## WHAT YOU NEED TO DO
Give the lines again exactly as they appear below, from the line with "Odporny rugged tablet" to the line with "Huncho Jack, Jack", both included, and only those lines. Leave every picture out.

---------- DATA SECTION ----------

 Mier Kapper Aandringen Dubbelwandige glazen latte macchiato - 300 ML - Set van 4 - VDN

----------
---------- DATA SECTION ----------

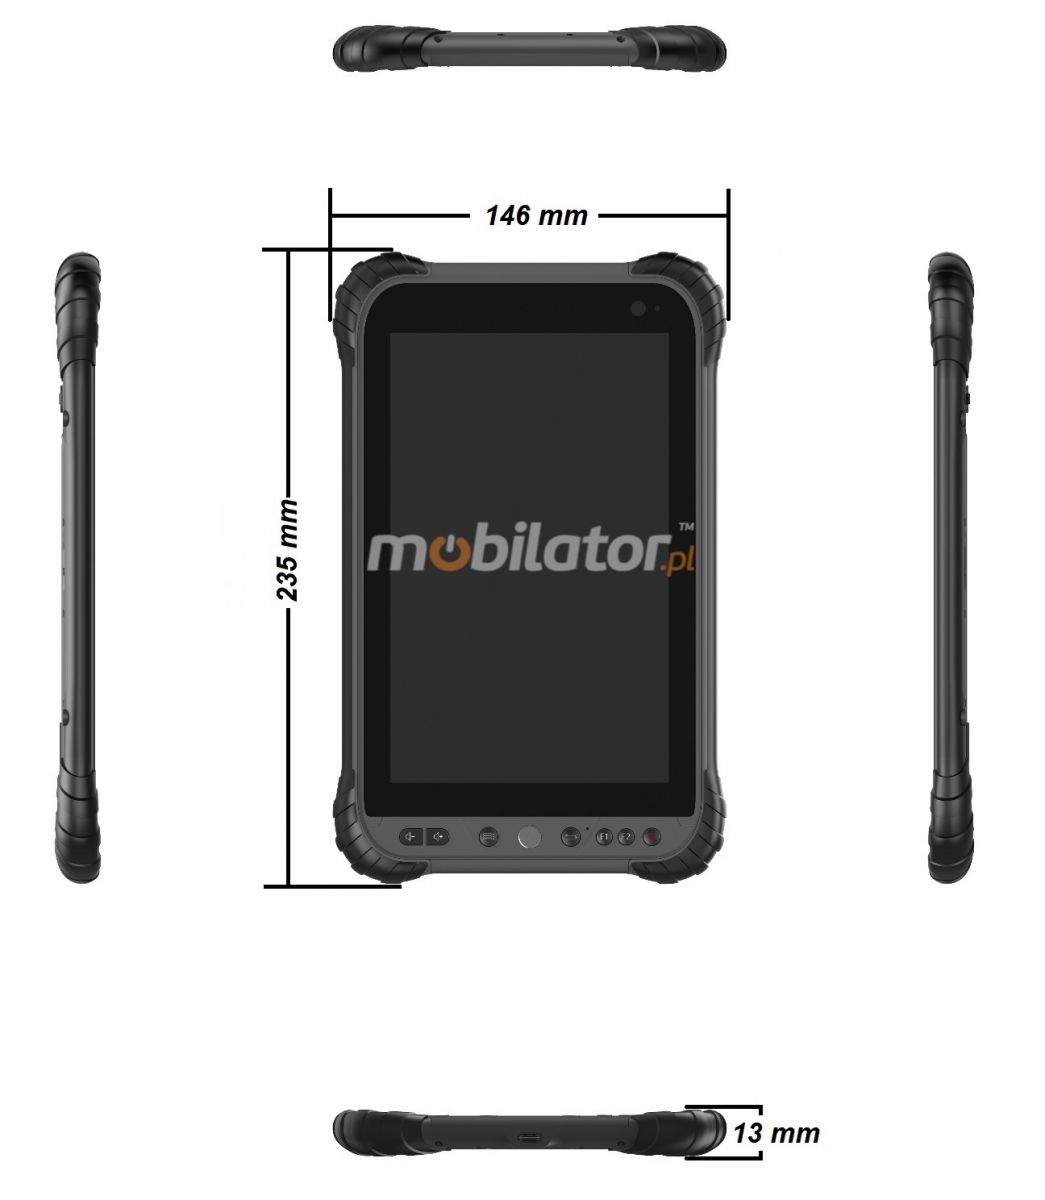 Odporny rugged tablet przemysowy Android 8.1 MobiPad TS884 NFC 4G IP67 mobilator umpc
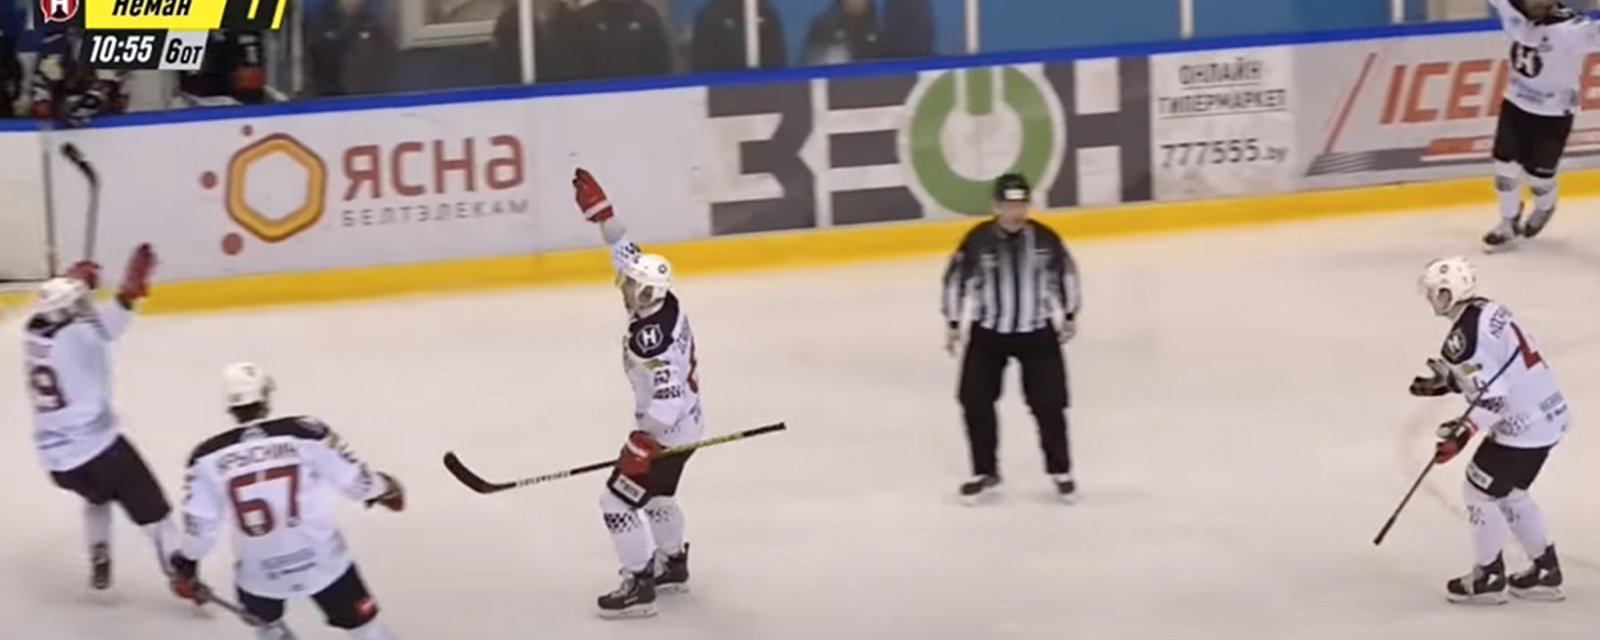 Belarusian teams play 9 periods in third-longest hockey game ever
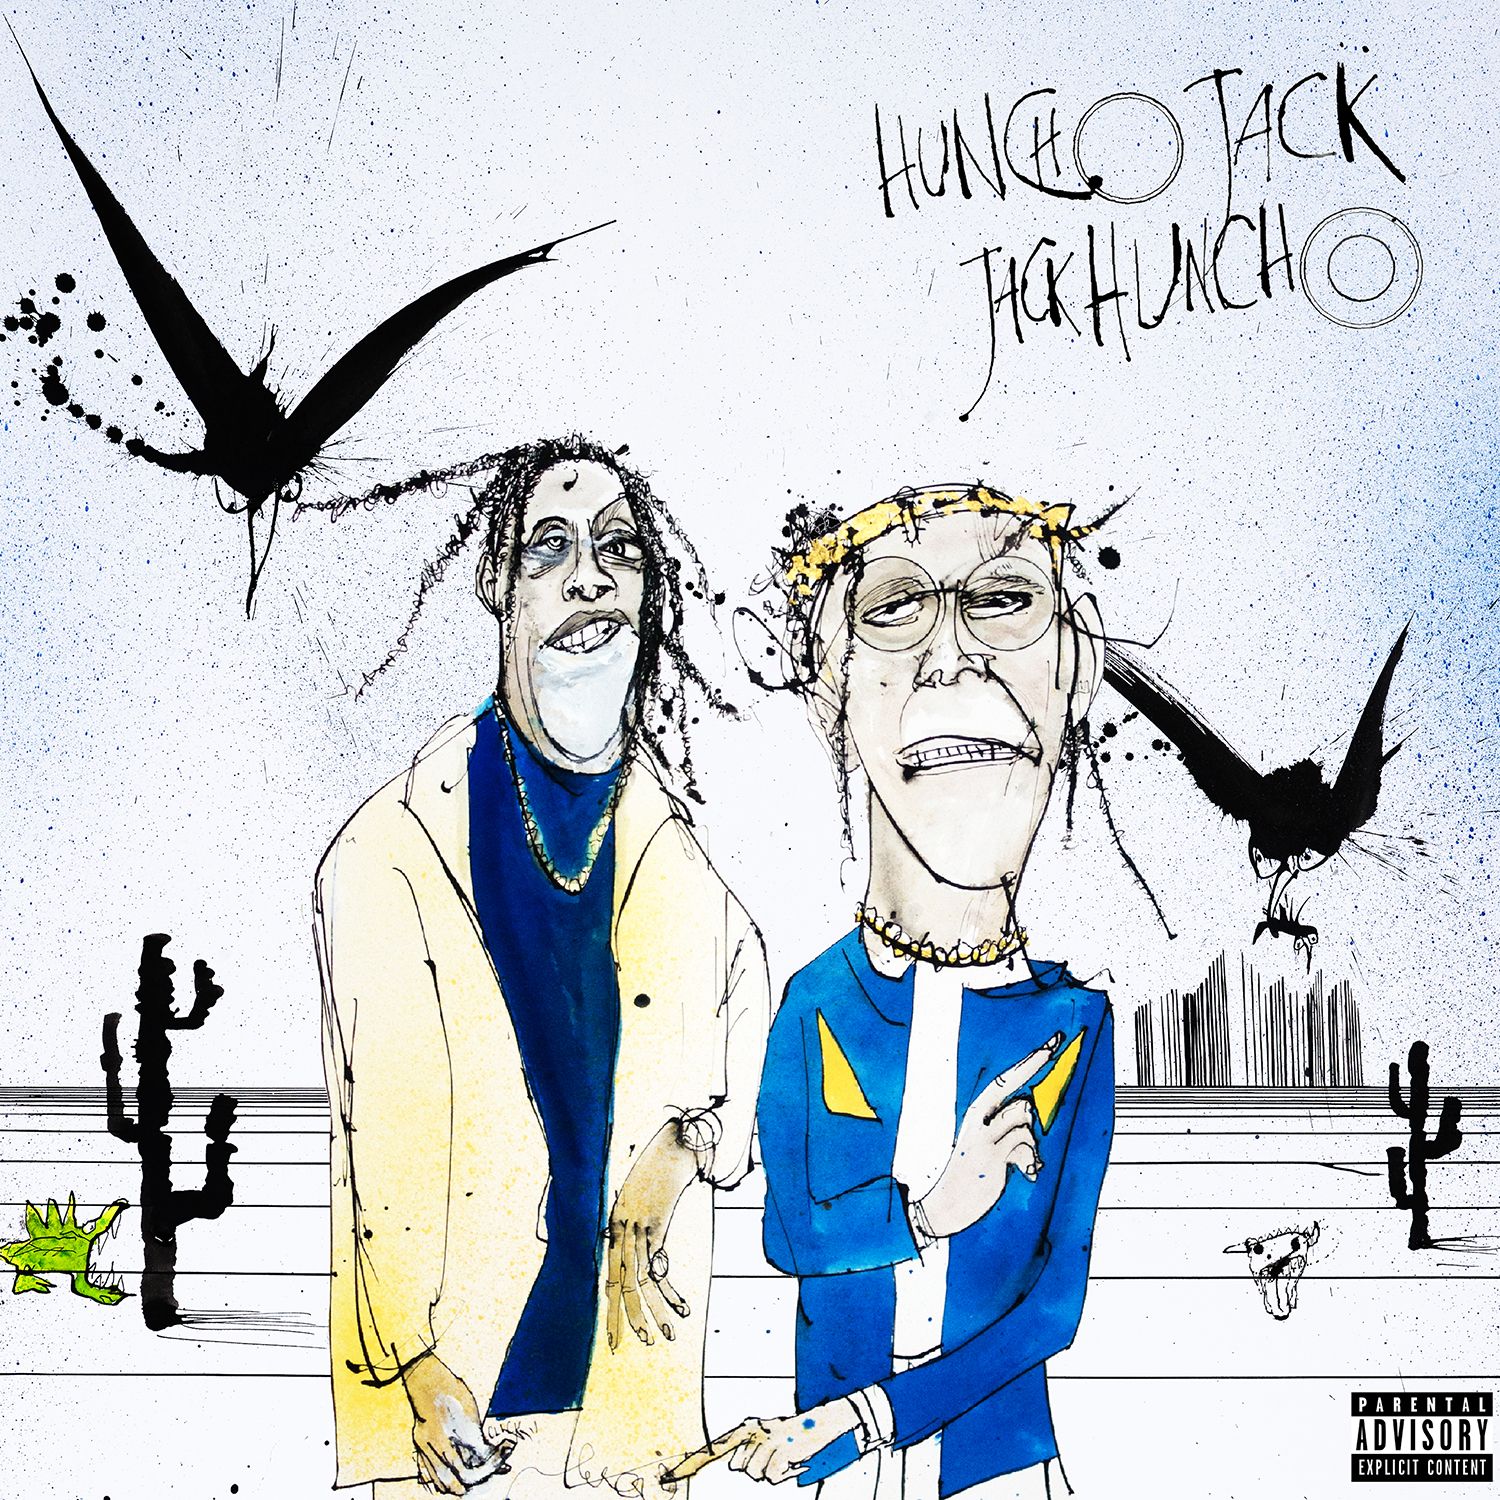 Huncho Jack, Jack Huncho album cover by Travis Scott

----------

## RESULT OF THIS EXERCISE
 Odporny rugged tablet przemysowy Android 8.1 MobiPad TS884 NFC 4G IP67 mobilator umpc
 Belarusian teams play 9 periods in third-longest hockey game ever
 Huncho Jack, Jack Huncho album cover by Travis Scott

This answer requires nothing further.